AUP has for many years provided fast, reliable internet connectivity to the campus community in all buildings. In early 2023, our wireless system was still providing speeds that met and exceeded the requirements of the campus community. However, the equipment being used on-campus was soon to be discontinued by its vendor, meaning that AUP would need to transition to a new Wi-Fi system by the end of the year to avoid security issues (possible security holes that would no longer be resolved by the Wi-Fi system's manufacturer) and reliability issues (lack of availability of replacement parts). As such, IT Services initiated the process of searching among the available Wi-Fi solutions on the market to begin the process of finding a suitable replacement Wi-Fi system.

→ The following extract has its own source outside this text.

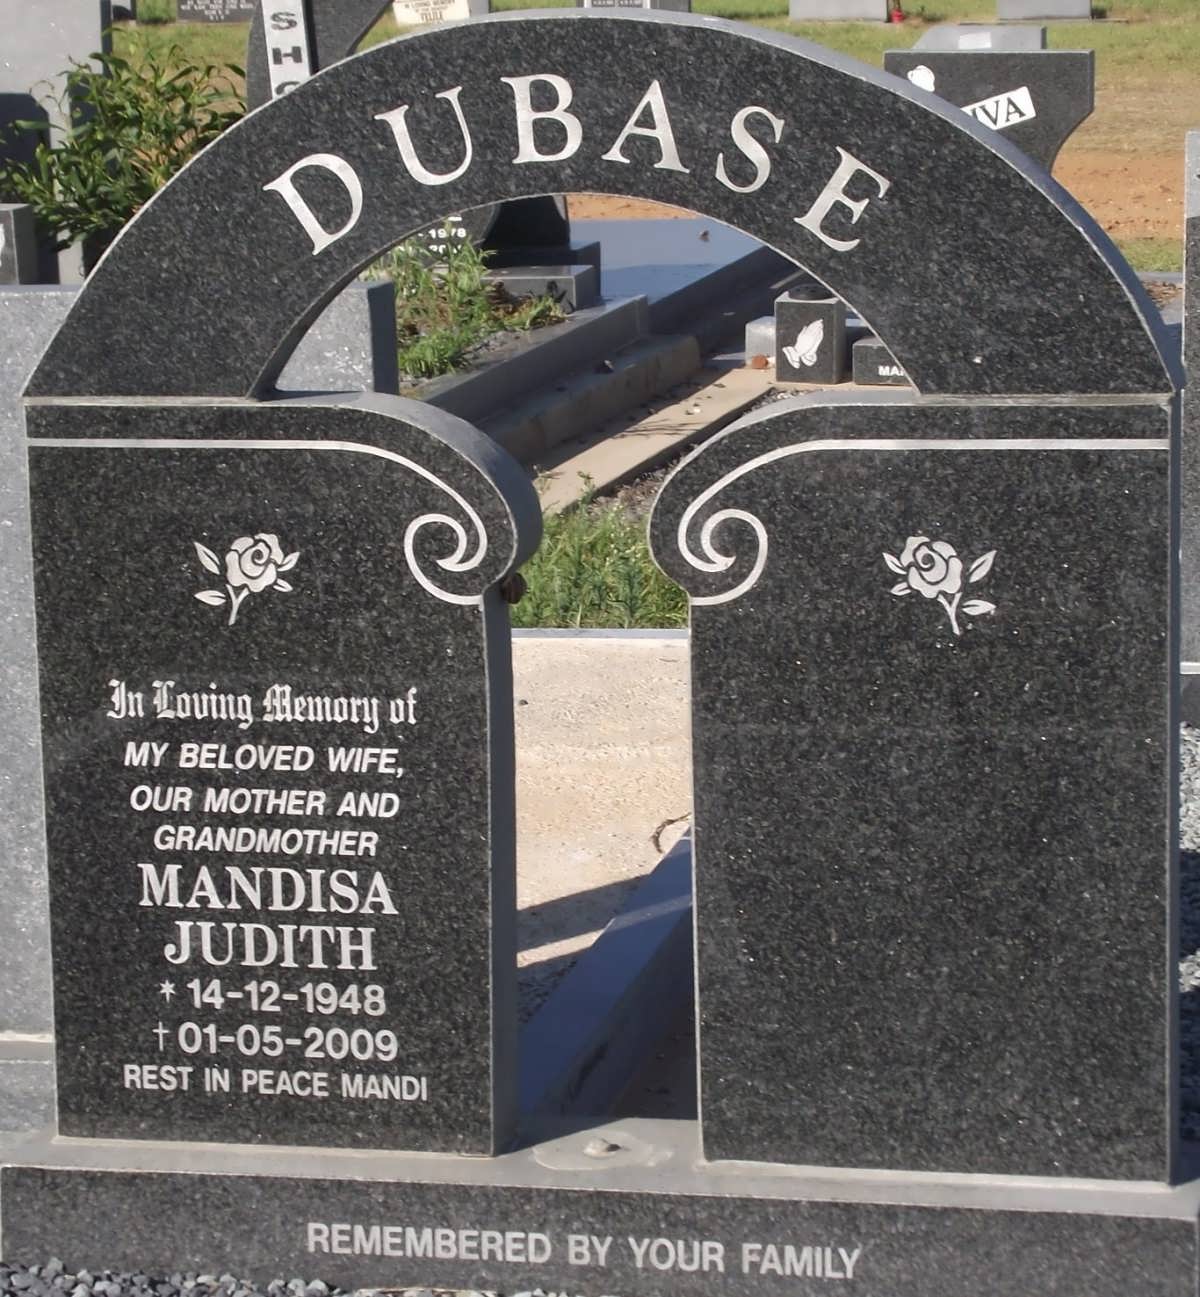 DUBASE Mandisa Judith 1948-2009

Although the existing Wi-Fi system (based on what is known as "Wi-Fi 5" technology) was meeting the current needs of the community, we looked for opportunities to implement a cutting-edge system that would meet not only the current needs of the community, but that would meet the needs of the equipment and applications that would be used over the upcoming years. In addition to the features that our current system offered, we therefore wished to add:
Having determined the specifications we needed to provide our community with an excellent Wi-Fi experience, we contacted four market-leading vendors, detailed our needs, looked over the solutions that were offered. We pursued conversations with three vendors and ended up getting equipment from two of those vendors that we could test.
Tests were performed in the busiest location on campus during the summer semester, the Amex Café, allowing us to see how the access points would behave with a high amount of users. After working through some technical issues with some of the test devices, we found a solution that performed very well and suited our needs.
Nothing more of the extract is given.